The role of product in the marketing mix

The product itself is the most important element in the marketing mix. Without it, the other three wouldn’t exist. Most companies today are market oriented, and will identify a suitable product for the market before moving on to determine the other 3 elements. Large companies have R&D departments which spends all its time developing new product and analysing the pros and cons of competitors’ products.

Types of products:

  • Consumer goods: Goods that are used up by consumers. (e.g. food, cake)
  • Consumer services: Services that are produced for people. (e.g. education)
  • Producer goods: Goods produced for businesses. (e.g. machinery)
  • Producer services: Services for businesses. (e.g. accounting, insurance)

Each type of product determines the price, promotion and place to sell the product. Here are what make products successful.

  • Products need to satisfy consumer wants/needs to be successful.
  • The product must be at the right quality so that customers are willing to pay for it.
  • Costs should be low enough to make a profit.
  • Design of a product is important. This means that its quality and durability should meet expectations and match the price of the product. The design should also enhance the products brand image.
  • Products are novelties (newly introduced to the market).
  • Products can stimulate new wants.

Product development

Most businesses use a general process to develop any product:

  1. Generate ideas: Ideas can be generated by:
    1. Employees
    2. Customers
    3. Competitor’s products.
    4. R&D department.
    5. Sales department.
  1. Further research: The best ideas are selected and further research is done to see their pros and cons.
  2. Will there be enough sales?: To see whether there will be enough sales of the product to break-even (development costs included).
  3. Develop a prototype: To see how a product could be manufactured and identify its problems.
  4. Test launch: To see if the product can sell or not.
  5. Full launch.

The importance of branding

Traditionally, a product’s unique features and quality were explained by the sellers who made the product. However, since products are usually sold in private retail shops nowadays, these points need to be projected differently. Products therefore need to be branded with an unique brand name and the products features and quality will be projected with advertisement. The price of branded goods are usually higher, since customers are more confident to buy them. Here are things that are involved with branding:

  • Unique 
  • Unique packaging.
  • Needs advertising to enforce the brand’s qualities.
  • Higher price than unbranded products.
  • Higher quality than unbranded products.
  • Creates a brand image (unique image associated with using the product)
  • Creates brand loyalty.
  • Consistent quality.


Getting the packaging right is very important. Packaging performs several tasks:

  • Protecting the product (also includes preserving foods)
  • Making it easy to transport.
  • Allow the product to be used easily. Container must be able to be opened easily. (e.g. juice in a can)
  • Suitable for the product to fit in.

Packaging also helps promote the product:

  • Make it eye-catching.
  • Carries information about the product.
  • Promotes the brand image.

The product life cycle

Product life cycles show the stages that a product goes through from its introduction, to its growth, and then to its decline. Here is a graph to show the product life cycle:

  1. Development: The product is under development.
  2. Introduction: The product is introduced. Sales grow slowly and informative advertising start to attract customers. Price skimming could be used if the product is new to the market. The main aim of sales is to breakeven.
  1. Growth: Prices rise rapidly. Persuasive advertising is used to encourage brand loyalty. Prices may be reduced a little. Sales start to generate profits since costs have been covered.
  1. Maturity: Sales rise more slowly. Competition forces prices to be lowered and the firm uses competitive pricing. Advertising is used to maintain sales. Profits are at their highest.
  1. Saturation: Sales reach their limit. There are no new competitors. Sales and advertising becomes stable but profits fall because of lowered prices to be competitive.
  1. Decline: Product go out of fashion and sales and profits decline. Advertising eventually stops. It is no longer profitable to product the product.
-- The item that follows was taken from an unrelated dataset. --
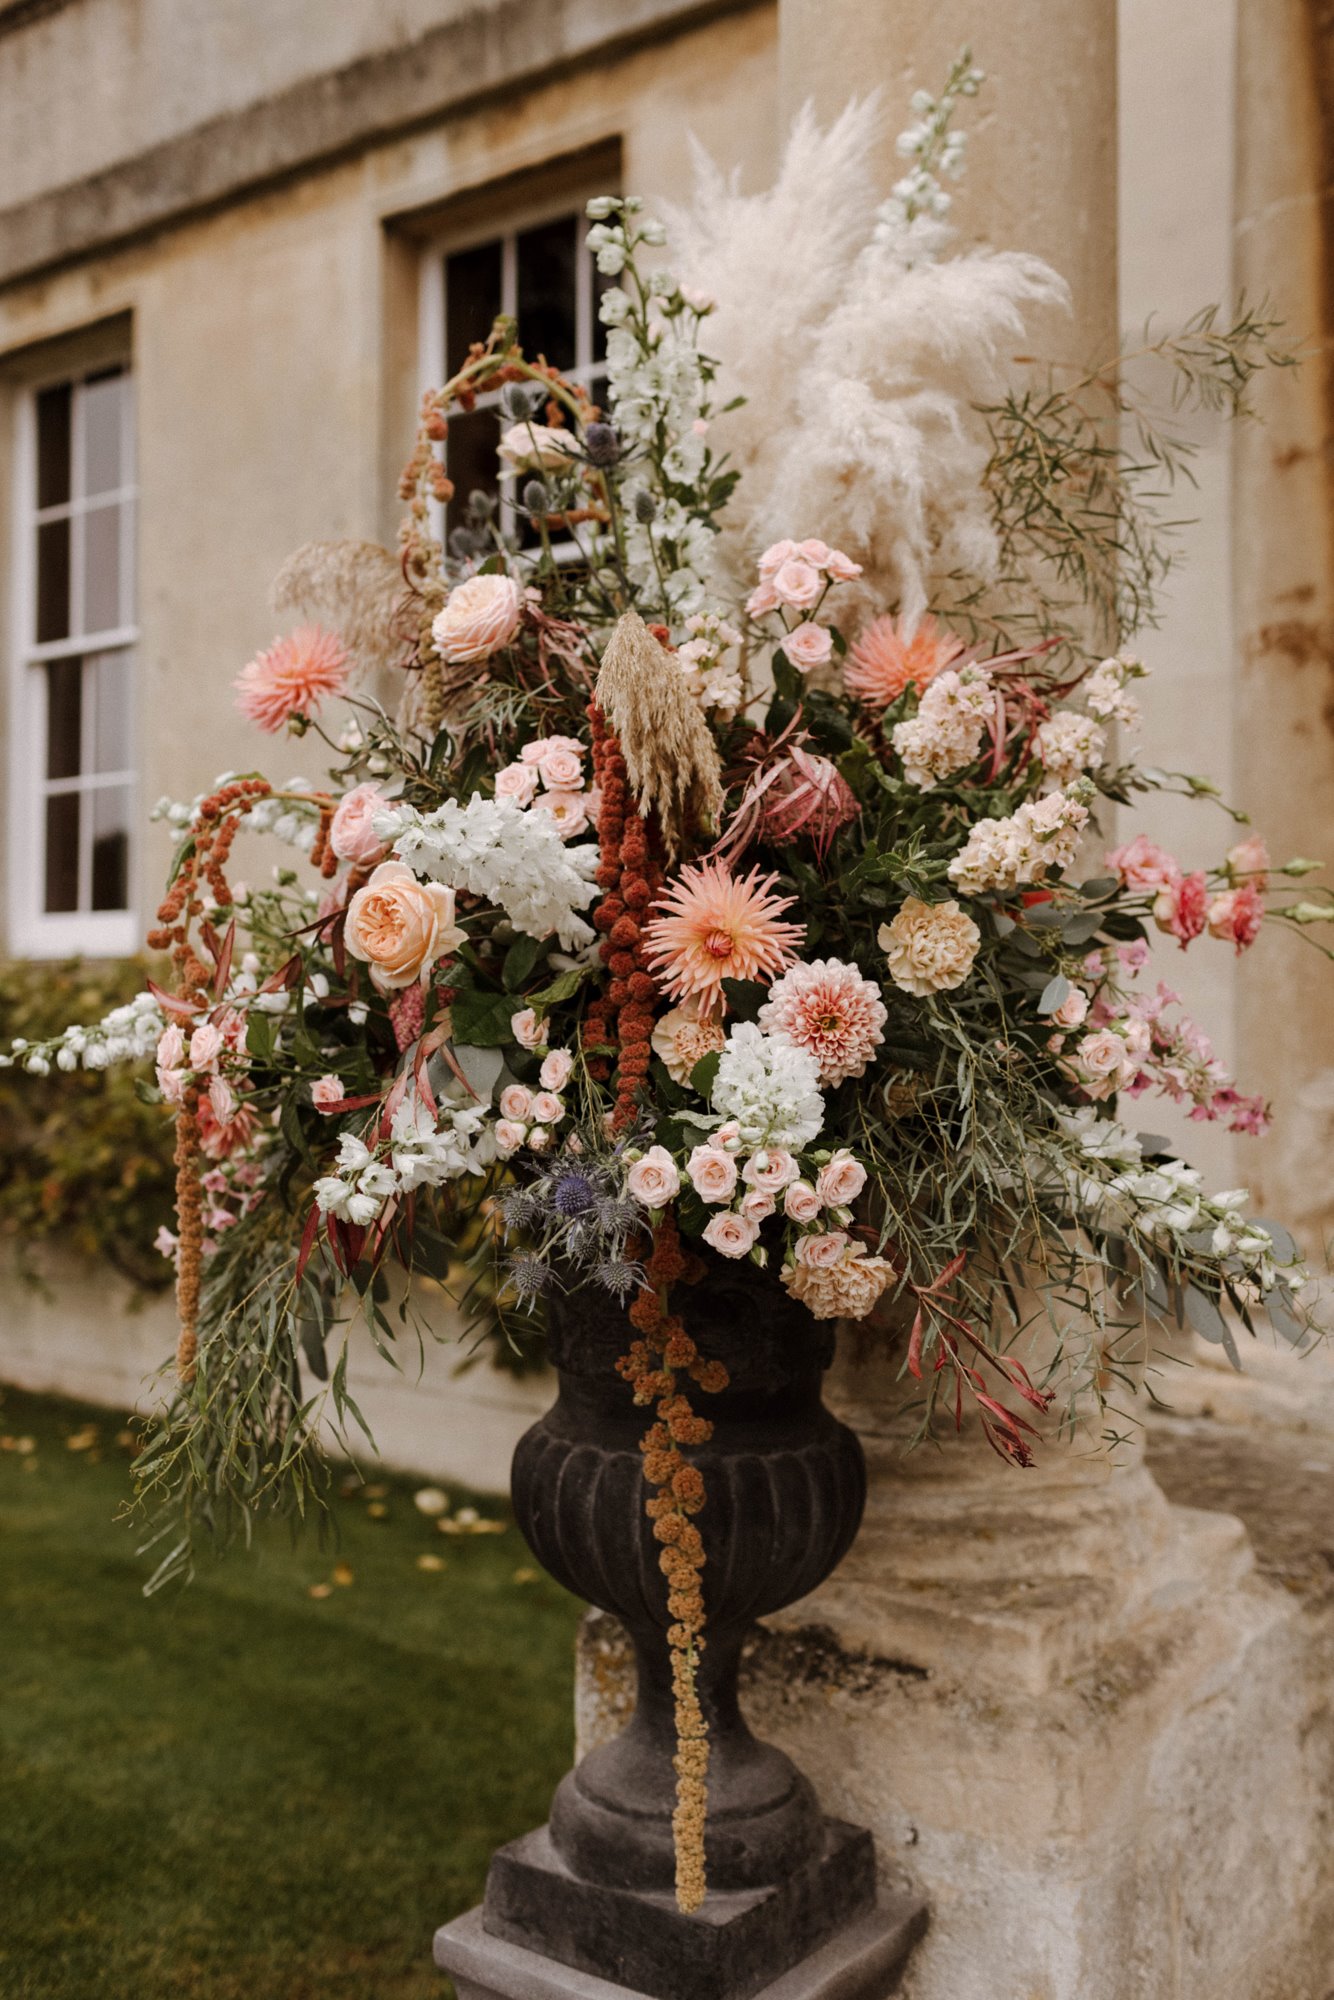 Boho luxe wedding floral displays in urns outside stately home

The length of each stage varies with products. The business needs to identify which stage their products are in so that they can use a suitable marketing strategy for it.

Extending the product life cycle

When a product has reached its maturity or saturation stage a business may adopt extension strategies to stop sales from falling which extends the product life cycle. Sales are given a boost by these strategies 

Introducing new variations of the product.
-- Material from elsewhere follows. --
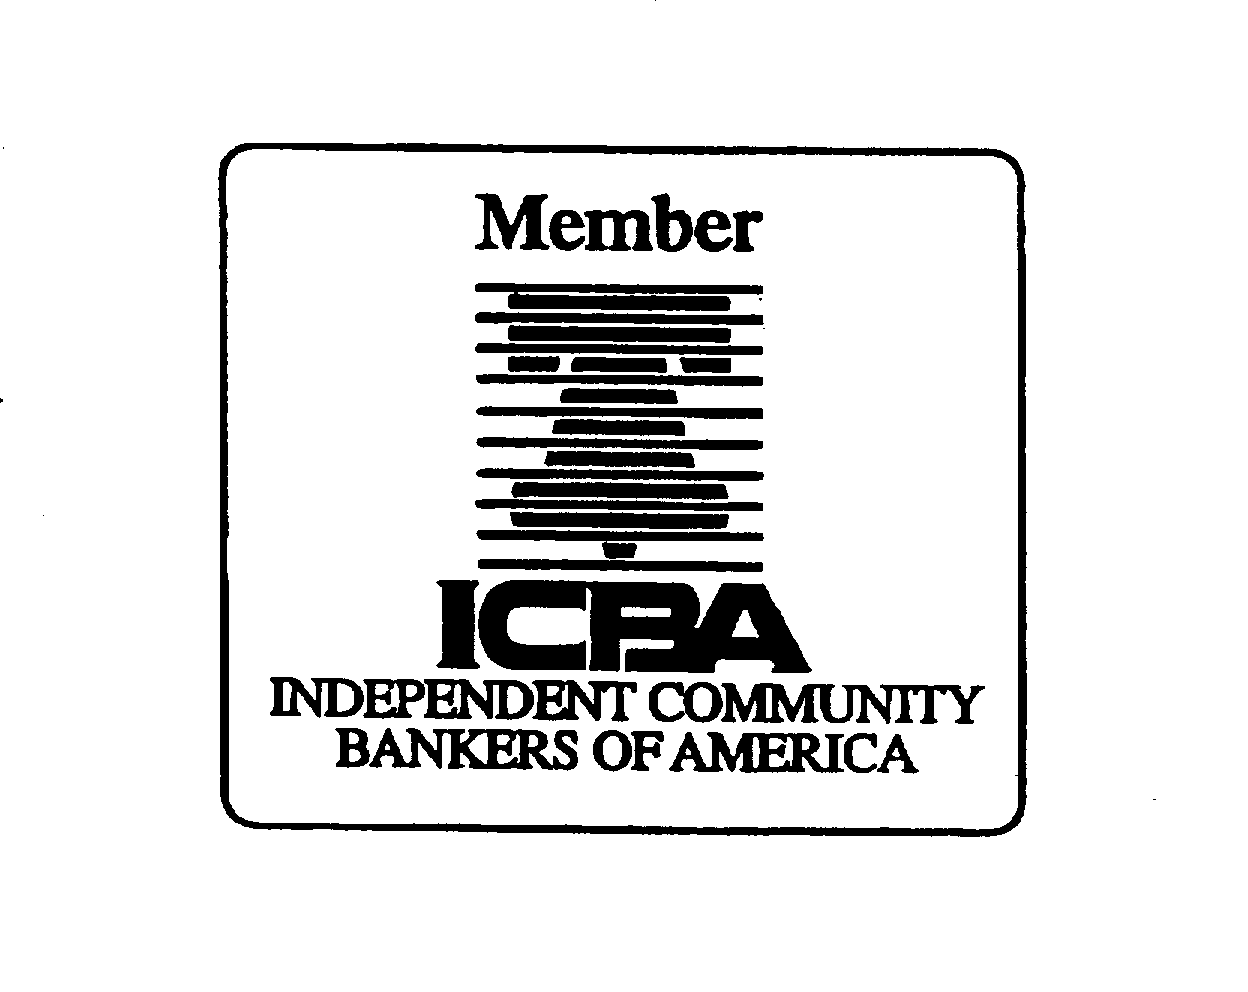  MEMBER ICBA INDEPENDENT COMMUNITY BANKERS OF AMERICA

  • Sell into new markets.
  • Make small changes to the products design and packaging.
  • Sell through additional, different retail outlets.
  • Update the product (make it better)
  • Use a new advertising campaign.

Extension strategies aim to prolong the maturity stage of a product. Successful extension strategies may result in something like this:

Nevertheless, it must be noted that businesses manufacture more than one product. They should have a product in growth stage to counteract an older one which is declining.